International rating agency Moody’s Investors Service said Tuesday that the policies of the Sri Lankan government have stabilized, although benefits from the post-civil war peace dividend have waned.
Moody’s assessment was contained in its annual “Credit Analysis Sri Lanka” which assesses economic strength as low, institutional strength as moderate, government financial strength as low and susceptibility to event risk as moderate, reported Xinhua.
Sri Lanka’s B1 sovereign bond rating reflects Moody’s methodological assessment of these factors.
In July, Moody’s revised the outlook on the sovereign rating to stable, from positive.
“The latest report is an update and does not constitute a rating action,” Moody’s said.
The report notes that while economic growth has slowed, to 6.4 percent in 2012 from an average of 8.1 percent in 2010 and 2011, the previous faster pace of growth was accompanied by an overheating of the economy.

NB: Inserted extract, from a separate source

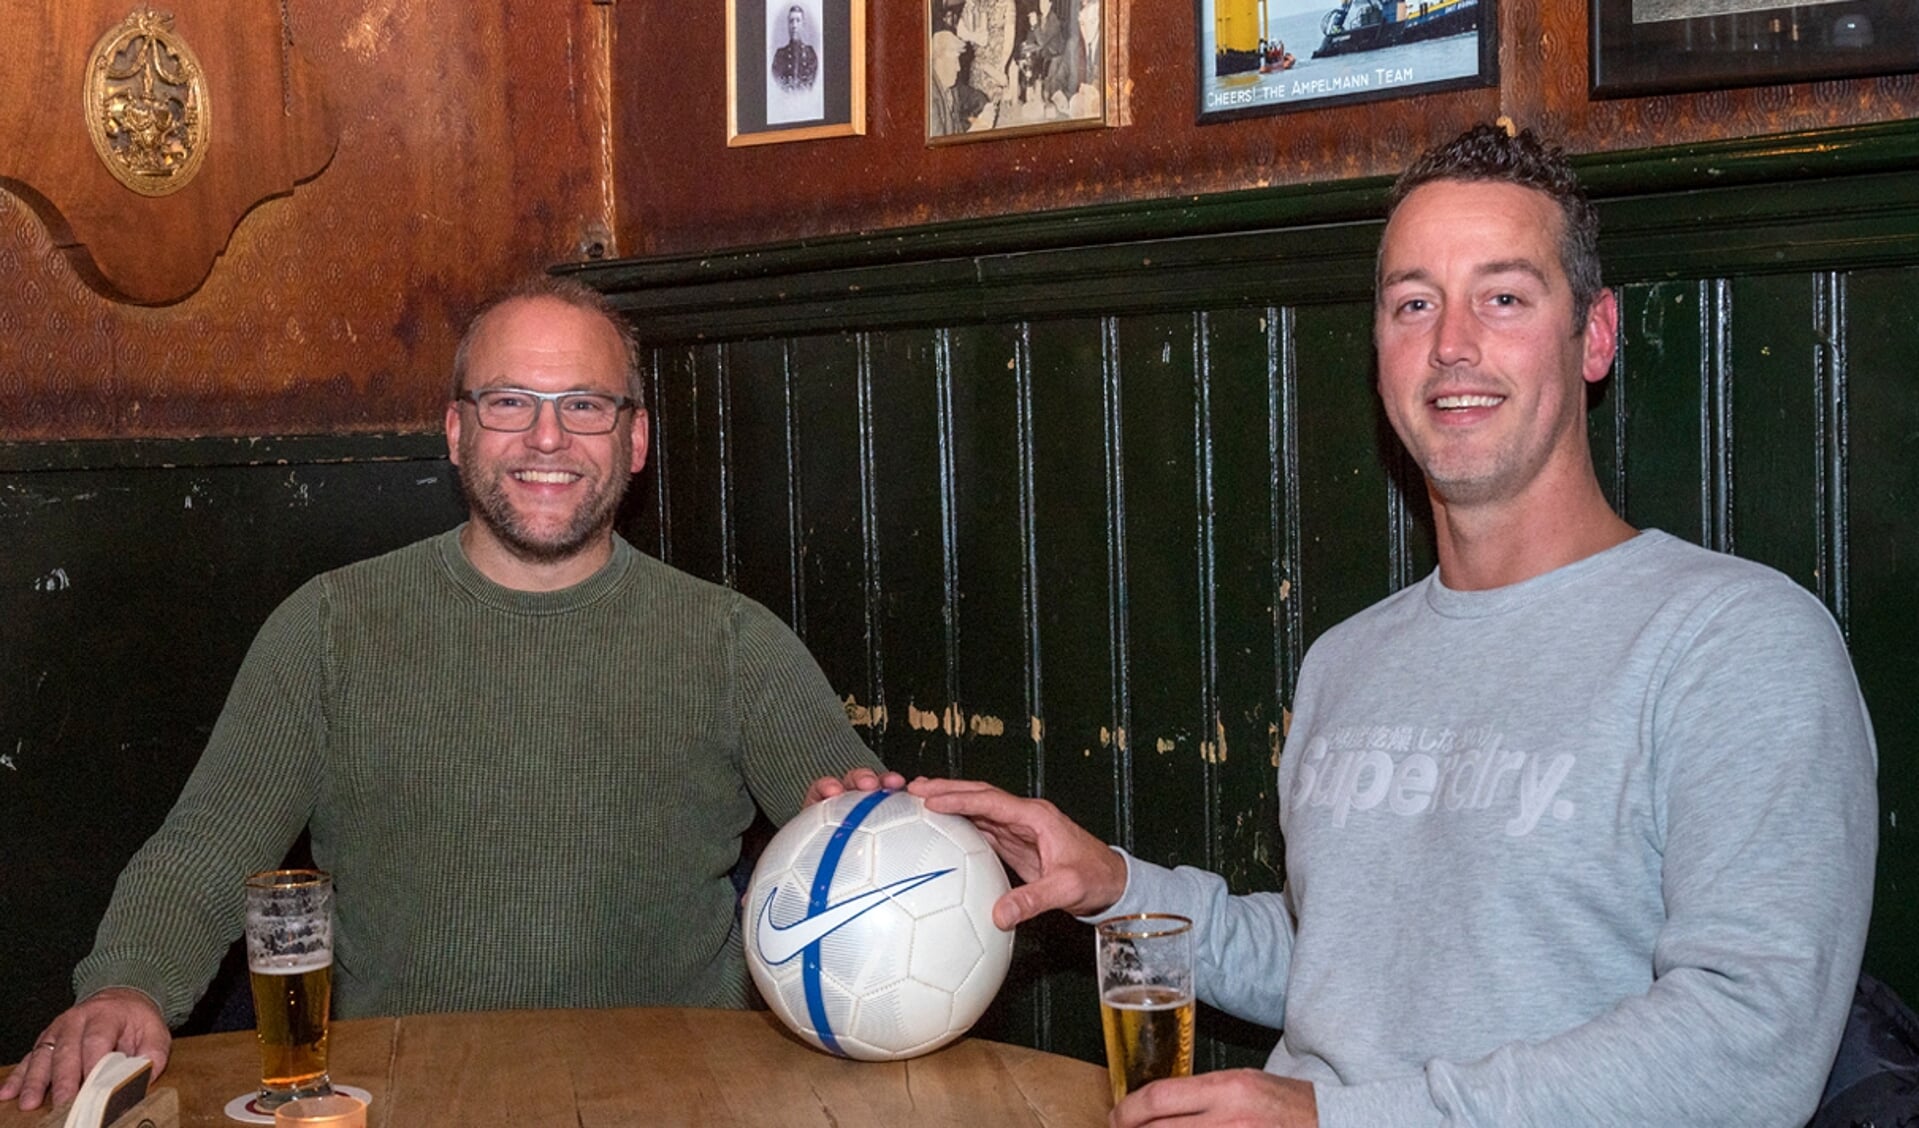 Jakob Scholten en Ben van Beurden kijken met plezier terug op hun voetbaltijd: "Wij hadden soms meer kratten dan ballen.” (foto: Roel van Dorsten)

The slowdown is primarily a result of the implementation of adjustment reforms in early 2012.
“Looking ahead, Moody’s projects that growth will be 6 percent to 7 percent in 2013 and 2014. At this pace, inflation should remain in the single digit range, although the policies of the government will likely continue to have a growth bias,” the report added.
Furthermore, although government debt has declined after the end of the nearly three-decade long civil war in 2009, debt reduction has stalled in the past two years and government bond yields widened in both nominal and real terms, as the fiscal payoffs from the peace dividend have dissipated.
Moody’s expects the government debt to Gross Domestic Production (GDP) ratio to touch 80 percent in 2013 and 78 percent in 2014, broadly unchanged since 2011 and compared with 86 percent in 2009.